Task goal
Repeat what the lines below say, word for word, and skip every image.

Dataset section
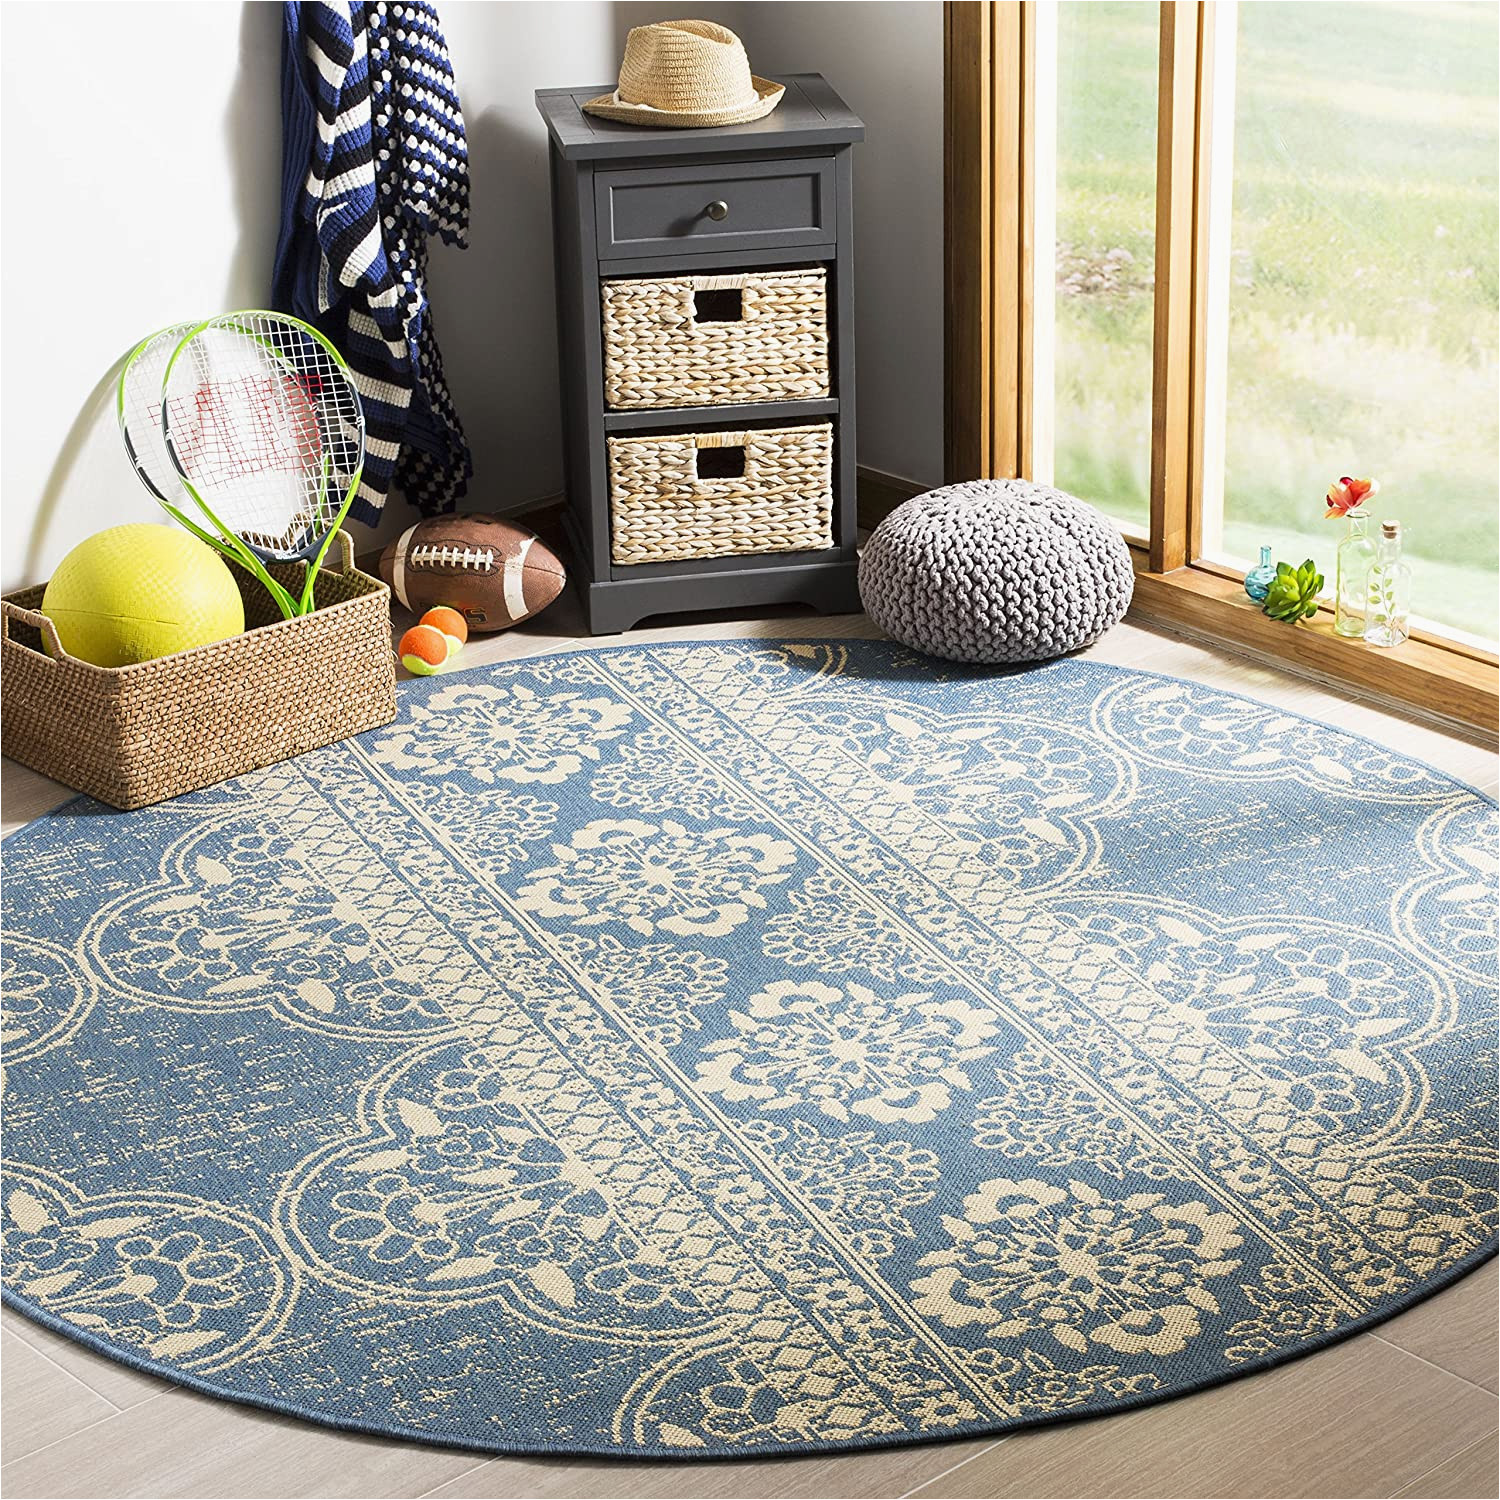 Blue and White Rugs Amazon Safavieh Linden Collection Lnd174n area Rug, 6’7″ X 6’7″ Round, Cream/blue
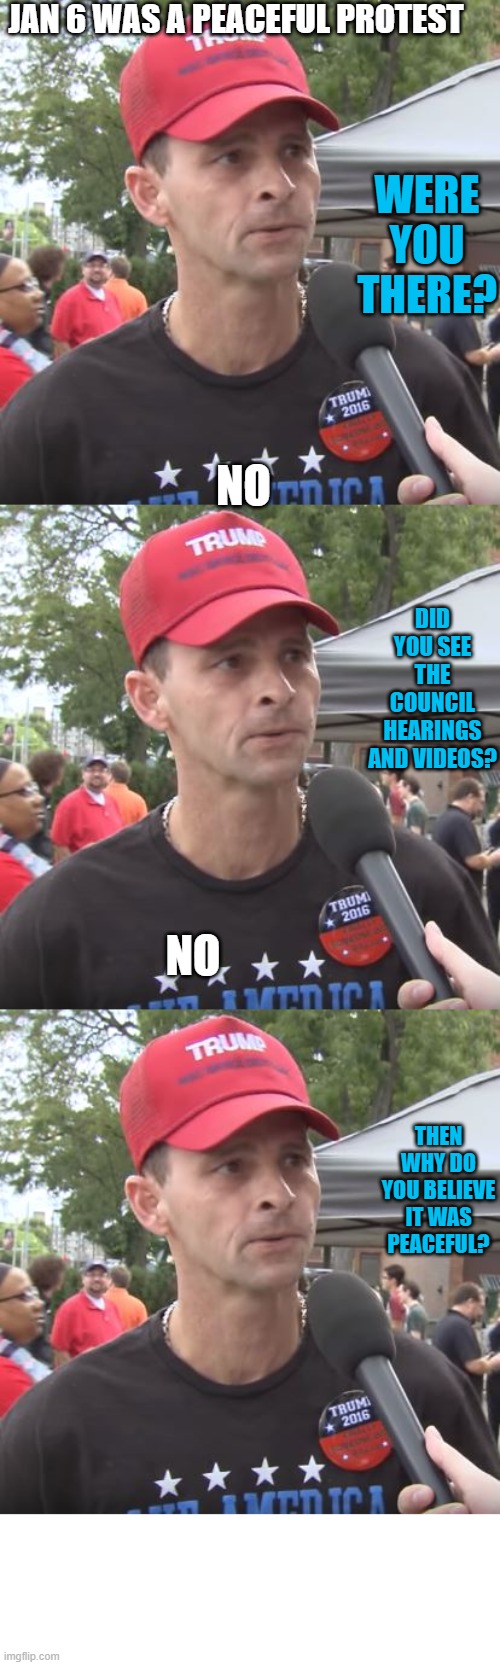 JAN 6 WAS A PEACEFUL PROTEST WERE YOU THERE? NO DID YOU SEE THE COUNCIL HEARINGS AND VIDEOS? NO THEN WHY DO YOU BELIEVE IT WAS PEACEFUL? | image tagged in trump supporter | made w/ Imgflip meme maker
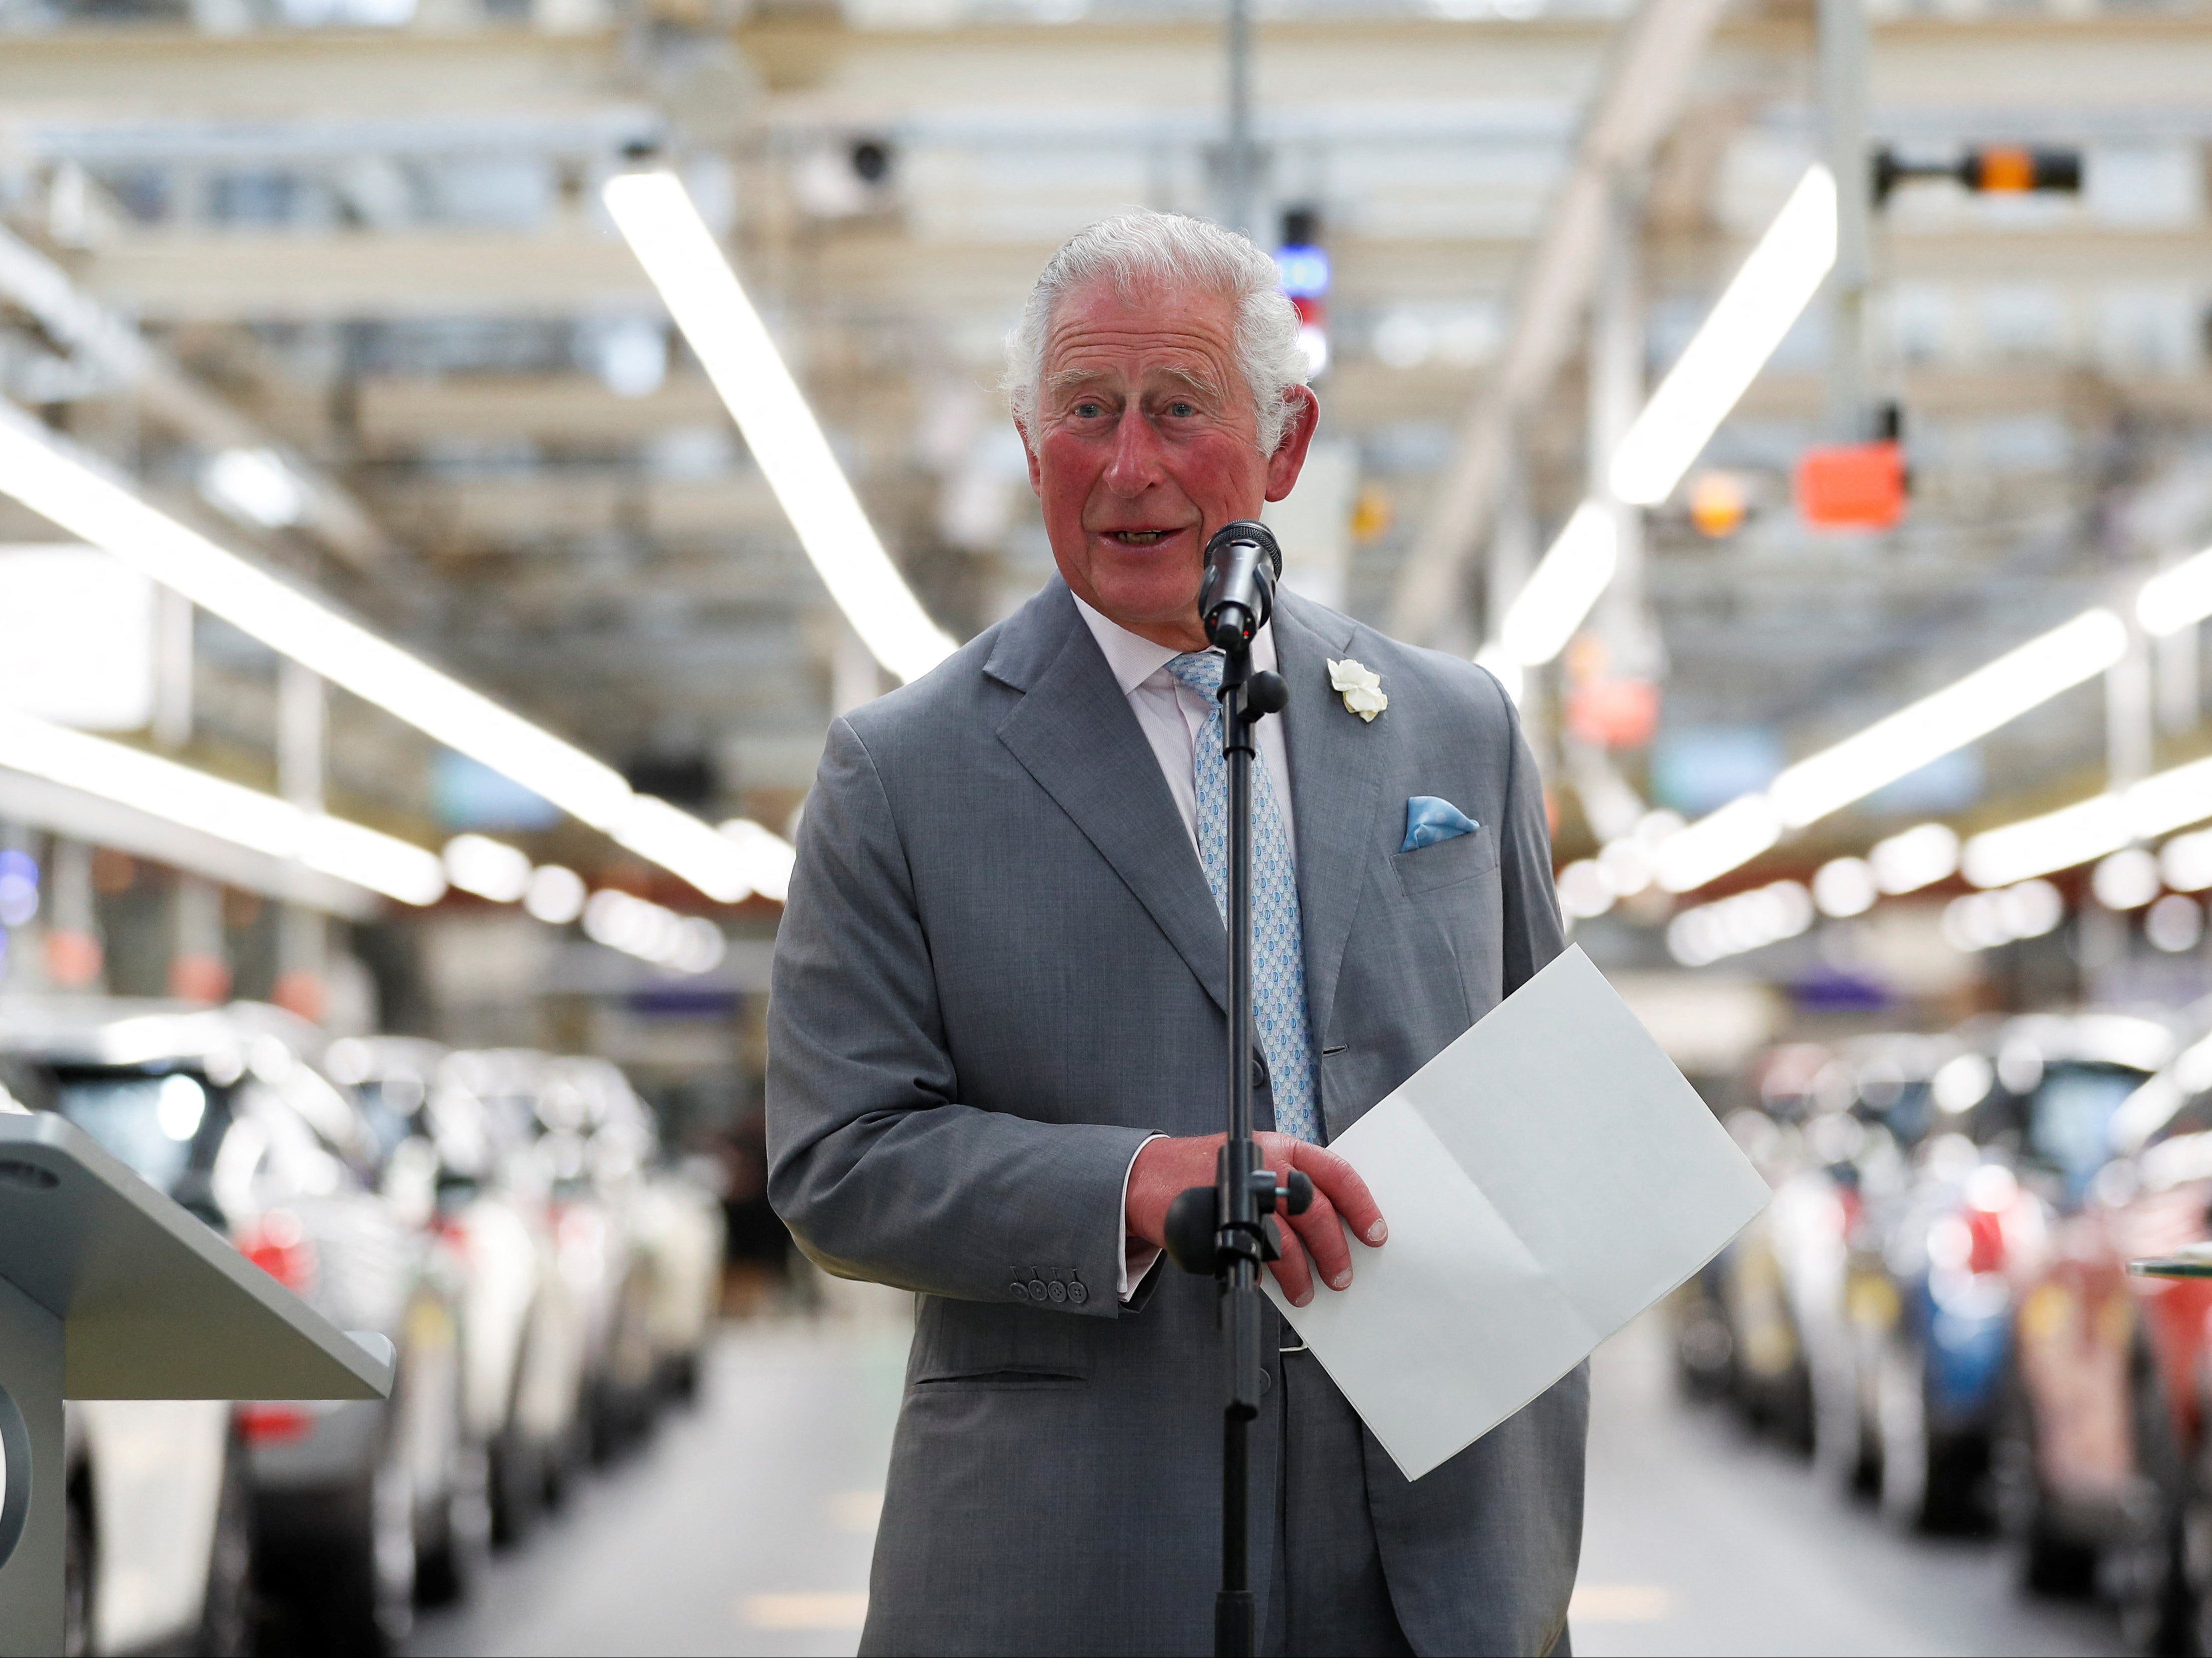 The Duke of Cornwall said growth must be sustainable

Exercise answer
 Blue and White Rugs Amazon Safavieh Linden Collection Lnd174n area Rug, 6’7″ X 6’7″ Round, Cream/blue
 JAN 6 WAS A PEACEFUL PROTEST WERE YOU THERE? NO DID YOU SEE THE COUNCIL HEARINGS AND VIDEOS? NO THEN WHY DO YOU BELIEVE IT WAS PEACEFUL? | image tagged in trump supporter | made w/ Imgflip meme maker
 The Duke of Cornwall said growth must be sustainable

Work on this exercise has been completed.